There are various backup software available for Linux system. One of the most powerful backup software is rsnapshot. Rsnapshot is a filesystem backup utility based on rsync. Its a command line backup tool and there is no GUI for rsnapshot. Here I will show you how to perform backup on Manjaro using rsnapshot. For a complete information, please visit the official website of rsnapshot at: https://wiki.archlinux.org/index.php/Rsnapshot
First, we need to install rsnapshot. Open Terminal and type the following command:
sudo pacman -S rsnapshot
Output:
manjaro@manjaro ~]$ sudo pacman -S rsnapshot
resolving dependencies...
looking for conflicting packages...

Packages (2) perl-lchown-1.01-5  rsnapshot-1.4.2-2

Total Download Size:   0.08 MiB
Total Installed Size:  0.30 MiB

:: Proceed with installation? [Y/n] y
:: Retrieving packages...
 perl-lchown-1.01-5-x86_64                               8.4 KiB  0.00B/s 00:00 [##############################################] 100%
 rsnapshot-1.4.2-2-any                                  71.1 KiB  64.7K/s 00:01 [##############################################] 100%
(2/2) checking keys in keyring                                                  [##############################################] 100%
(2/2) checking package integrity                                                [##############################################] 100%
(2/2) loading package files                                                     [##############################################] 100%
(2/2) checking for file conflicts                                               [##############################################] 100%
(2/2) checking available disk space                                             [##############################################] 100%
:: Processing package changes...
(1/2) installing perl-lchown                                                    [##############################################] 100%
(2/2) installing rsnapshot                                                      [##############################################] 100%
:: Running post-transaction hooks...
(1/1) Arming ConditionNeedsUpdate...
Now we need to configure rsnapshot. Still in Terminal, edit the file /etc/rsnapshot.conf using your favorite text editor such as nano. 
sudo nano /etc/rsnapshot.conf
There are several items we need to configure. 

1. Snapshot location

Find the following line inside the conf file.
snapshot_root   /.snapshots/
Now change it to the new location if you want. All snapshot/backups will be saved on this directory. For example:
snapshot_root   /rsnapshot/backup/
Now we create the new directory for the snapshot
sudo mkdir -p /rsnapsot/backup

2. Backup Level/Interval configuration

Now we need to specify the interval of the backup. The backup can be configured to be executed in hourly, daily, weekly etc. Find the Backup Level/Interval Section as follow:

You may change the alpha, beta items to something else such as hourly, daily, weekly. But keep in mind, it must be in ascending order. For more info about retain backup, read it here: https://wiki.archlinux.org/index.php/Rsnapshot#Retain_Previous_Backups.

3. Backup Points

Now, we move to the last part. This section will configure what or which folders to backup using rsnapshot.
On this section we can add or remove backup points. By default, you can see that rsnapshot will backup your /home, /etc/ and /usr/local/ directories.You can either add or edit this entries. For example, I add other directories to be included.
Please keep in mind, that we must use Tab instead of Space to separate those entries above. Also, do not forget to add 'slash' ("/") to the end of each directory.
Rsnapshot also works for remote files as well. I will discuss more about how to backup remote files using rsnapshot next time. 
Now save and close the config file. At this point, we are ready to use rsnapshot. Lets test it first. Use configtest option to test our configuration file.
sudo rsnapshot configtest
It should returned Syntax OK if all the configuration are well.
[manjaro@manjaro ~]$ sudo rsnapshot configtest
Syntax OK
Now we can use this command to execute the actual backup
sudo rsnapshot alpha
For further and advanced use, we can create a crontab to run rsnapshot automatically on a specific time. Please stay tuned on this blog, I will demonstrate how to automate rsnapshot via crontab.

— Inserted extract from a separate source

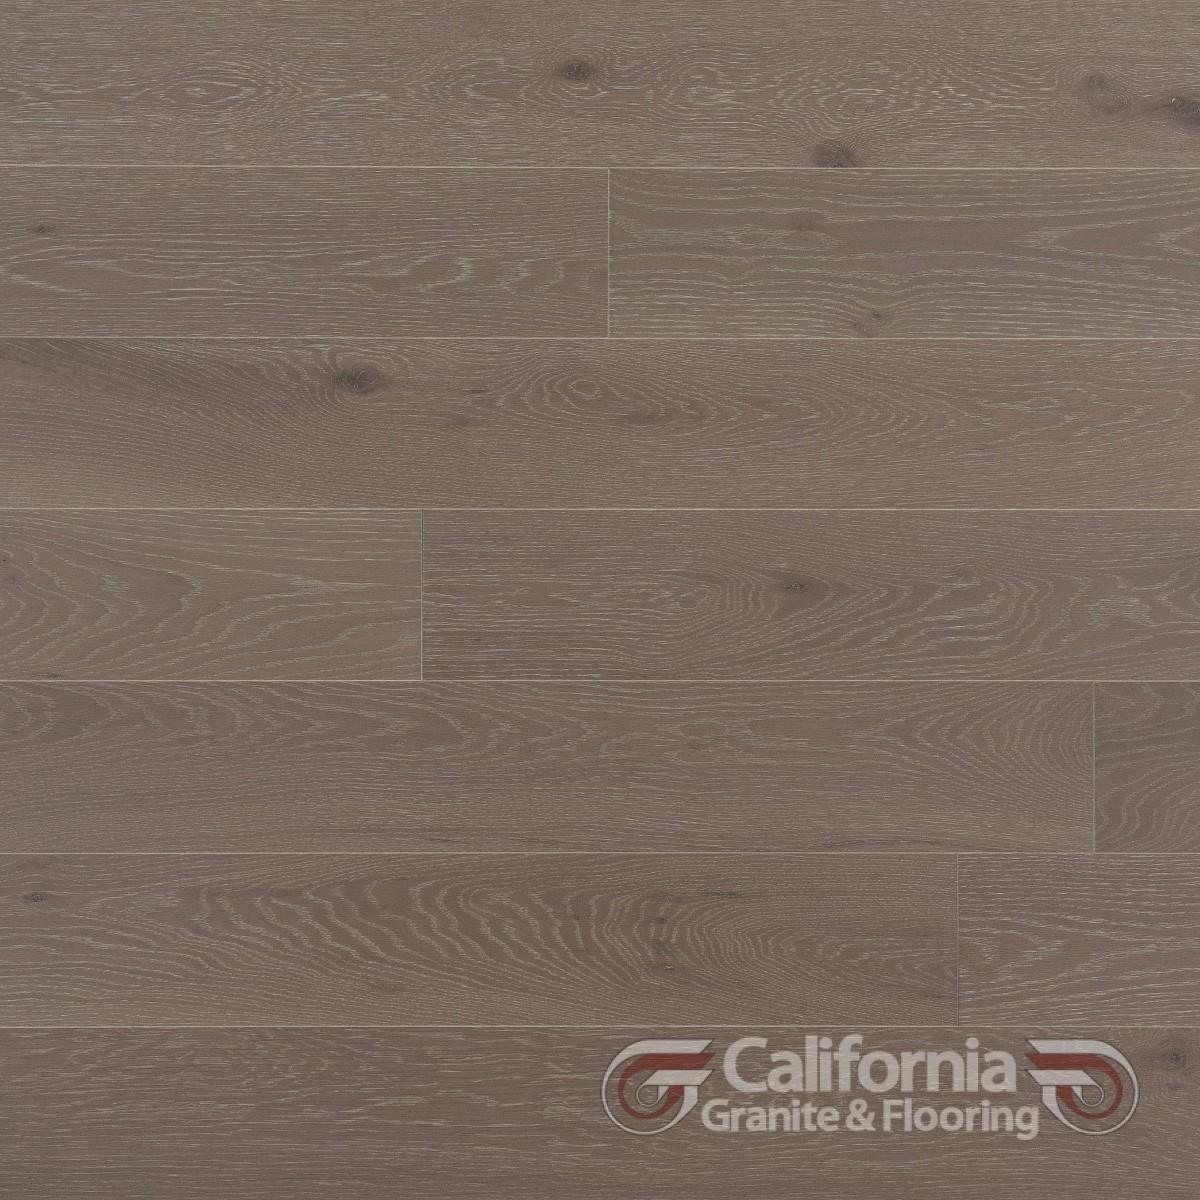 hardwood-flooring-white-oak-roller-coaster-character-brushed-herringbone-2

Virtualbox 5.1.16 is released, install it on Manjaro 17.0

The new version of Oracle Virtualbox 5.1.16 has been released a while a go. Here I will show you how to install this latest Virtualbox 5.1.16 on Manjaro 17.0. Virtualbox is a free virtualization software for Linux and Windows operating system. You can run multiple operating systems on a single host using Virtualbox. 

Virtualbox package is available via Manjaro repository. So, installing it wont be a problem. We can use either Pamac GUI and also Terminal console to install it. 

Option 1. Install via Pamac GUI

Open Pamac Software Manager and type "virtualbox" on the search box. You should see virtualbox package listed there. 
Right click on virtualbox and click Install. You will see the following window appear
Simply click OK and the press Commit button to confirm the installation. 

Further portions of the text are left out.